Há três semanas, a primeira pergunta foi resolvida. Uma equipe internacional de geneticistas anunciou na revista científica Nature ter extraído o DNA da Y. pestis dos dentes de quatro cadáveres: um homem, duas mulheres e uma criança. Eles foram enterrados em 1349, ao lado de outras 2.500 vítimas, numa cova coletiva no antigo cemitério de East Smithfield, na região onde hoje estão a Torre de Londres e a Ponte de Londres. “Recuperamos cerca de 99% do genoma da antiga Yersinia pestis”, diz o geneticista alemão Johannes Krause, da Universidade de Tübingen. “Ao comparar esse genoma com o das cepas modernas da Y. pestis, não vimos uma única alteração.” O estudo detalhado dos 4,6 milhões de bases que compõem o DNA da bactéria explicará por que ela foi tão perigosa no passado. Na falta desse estudo, existem duas hipóteses complementares para o fenômeno. A primeira, simples, é a desnutrição de boa parte da humanidade na época. Enfraquecidas, as pessoas seriam presas fáceis da bactéria. A outra hipótese é do geneticista Hendrik Poinar, da Universidade McMaster, no Canadá. Ele diz que a mortalidade no século XIV foi altíssima porque ninguém tinha resistência imunológica contra aquela bactéria recém-evoluída. Com base na frequência de mutação da bactéria original e de suas descendentes modernas, descobriu-se que a doença surgiu entre 1282 e 1343.
Até a reconstrução da bactéria da Peste, nenhum agente infeccioso com mais de 100 anos fora recuperado. Em 2005, infectologistas americanos recriaram o vírus influenza da Gripe Espanhola de 1918, que matou 100 milhões de pessoas. Queriam entender por que aquela cepa de vírus fora tão mais virulenta que a gripe comum. Descobriu-se que a gripe de 1918 foi causada pelo vírus influenza do tipo A(H1N1), a mesma família do vírus causador da pandemia de gripe suína de 2009. Uma única e letal mutação separa o vírus antigo do atual. Os pesquisadores ressuscitaram o microrganismo de 1918 para testar sua letalidade. As cobaias infectadas morreram asfixiadas em quatro dias.

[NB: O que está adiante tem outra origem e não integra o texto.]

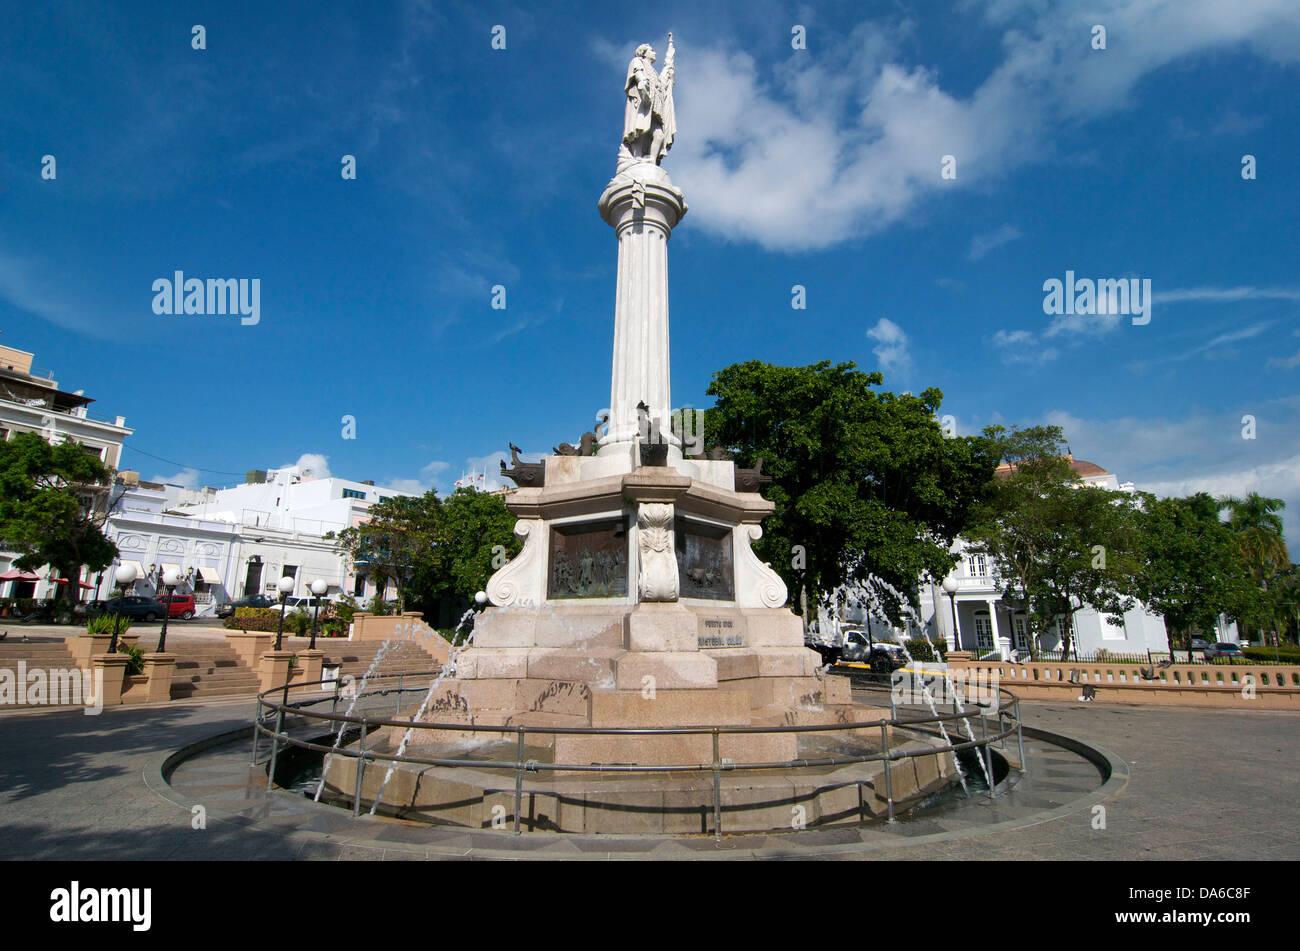 Puerto Rico, Caribbean, Greater Antilles, Antilles, Columbus, Columbus, statue, statues, sculpture, figure, figures, - Stock Image

Por que os cientistas correm riscos ao reviver organismos tão perigosos? Eles dizem que isso é essencial para evitar epidemias futuras. Os cientistas acreditam que, ao entender a letalidade da bactéria da Peste Negra ou do vírus da Gripe Espanhola, podem criar tratamentos preventivos contra possíveis mutações perigosas. Há casos, porém, em que essa explicação não basta. O pior inimigo da humanidade foi a varíola, que matou centenas de milhões desde a Antiguidade. Em 1980, após uma bem-sucedida campanha de vacinação da Organização Mundial da Saúde (OMS), o vírus da varíola foi declarado extinto na natureza. Como ele sobrevivia apenas nos seres humanos (ao contrário das gripes, que vêm de pássaros e outros animais), a vacinação pode efetivamente erradicá-lo. As duas únicas cepas sobreviventes – que deveriam ter sido destruídas há décadas, por determinação da OMS – estão no Centro de Controle de Doenças dos Estados Unidos e no Instituto de Virologia de Moscou. A desconfiança entre americanos e russos faz com que hesitem na hora de destruir o vírus. Alegam ser preciso preservá-lo para fazer vacinas. A verdade é outra. Washington e Moscou temem ceder ao oponente o monopólio de uma arma decisiva numa eventual guerra biológica. Resulta desse impasse um risco maior: caso o vírus da varíola escape de um laboratório, encontrará a humanidade indefesa. As crianças não são mais vacinadas contra a doença, e a imunidade dos adultos já prescreveu. Nem se fabricam mais vacinas. Segundo a OMS, uma pandemia de varíola poderia matar até 2 bilhões de pessoas.